Créer dans la continuité de Médard Bourgault : fidélité, pratiques, héritage
Peut-on encore créer « dans l’esprit de Médard Bourgault » sans renier notre époque ? La continuité avec un maître suppose-t-elle une fidélité au figuratif ? Une opposition à l’art contemporain ? Ou bien un engagement plus profond — esthétique, moral, spirituel ?
Ce texte propose une réflexion ouverte, ancrée dans les écrits de Médard Bourgault, son œuvre et les enjeux de la création actuelle.
1. Qu’est-ce que la « continuité artistique » ?
Continuer une œuvre, ce n’est pas la copier. C’est transmettre un regard, une exigence, un rapport au monde. Médard Bourgault n’a jamais demandé à ses élèves de l’imiter. Il transmettait un idéal :
- Beauté,
- Justesse du geste,
- Respect du sujet (souvent sacré),
- Fidélité à l’intention.
Créer dans sa continuité, ce n’est pas figer son style — c’est prolonger son éthique.

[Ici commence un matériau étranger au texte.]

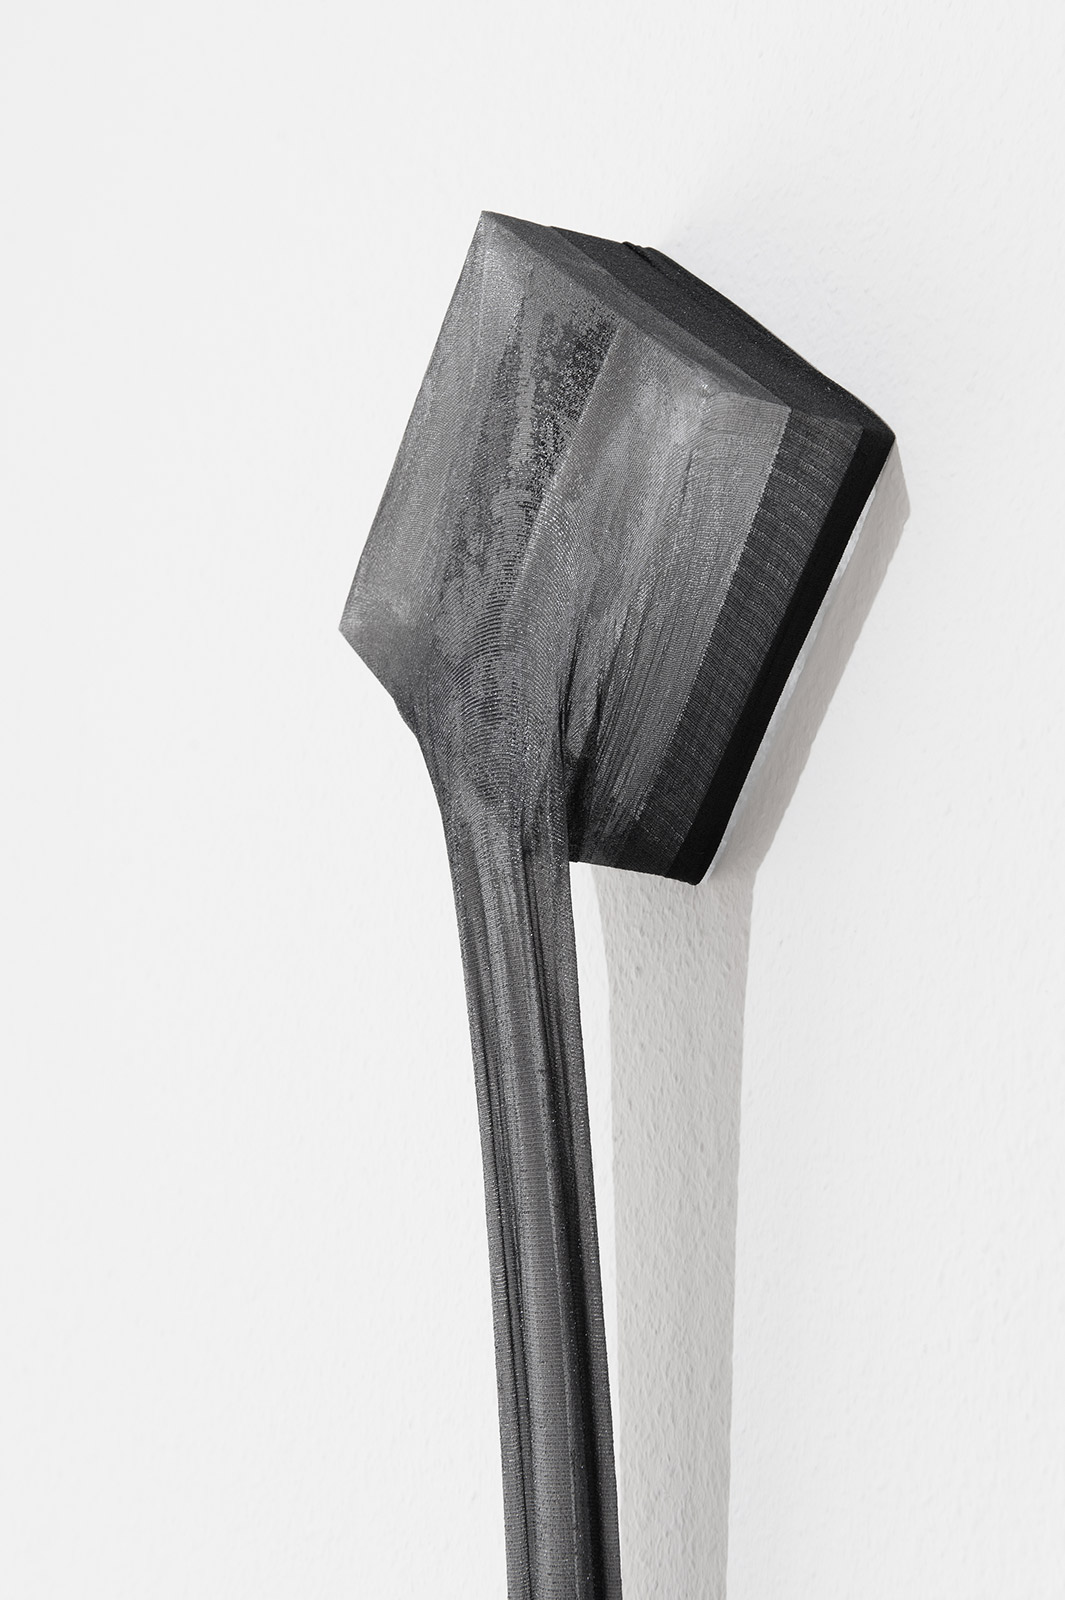 Detail view of an art object made from a stretched black polyamide stocking and epoxy resin

2. Le figuratif comme socle, pas comme prison
Médard était figuratif. Il le revendiquait. Il critiquait les formes modernes qui, selon lui, défiguraient le sacré. Il écrivait :
« Je conseillerais à tous nos artistes de ne pas s’inspirer, de grâce, à toutes ces laides figures qui sont d’art moderne. »
Mais cette critique ne visait pas toute modernité. Il admirait Henri Charlier — sculpteur figuratif, mais novateur. La continuité avec Médard n’exclut donc pas la modernité, si elle reste fidèle au vrai, au beau, à l’humain.
👉 Un artiste peut créer dans sa lignée sans sculpter des saints — s’il respecte les valeurs fondamentales : lisibilité, sens, dignité.
3. Pratiques artistiques en continuité
Voici quelques repères concrets pour reconnaître une œuvre dans l’esprit de Bourgault :
- Bois local : Il défendait le merisier rouge, le chêne, le noyer. Rejeter les matériaux importés n’est pas nécessaire, mais valoriser ceux du territoire prolonge sa pensée.
- Sujet enraciné : Il sculptait les bâtisseurs, les pêcheurs, les saints de village. Choisir des sujets liés au peuple ou au territoire reste fidèle à son regard.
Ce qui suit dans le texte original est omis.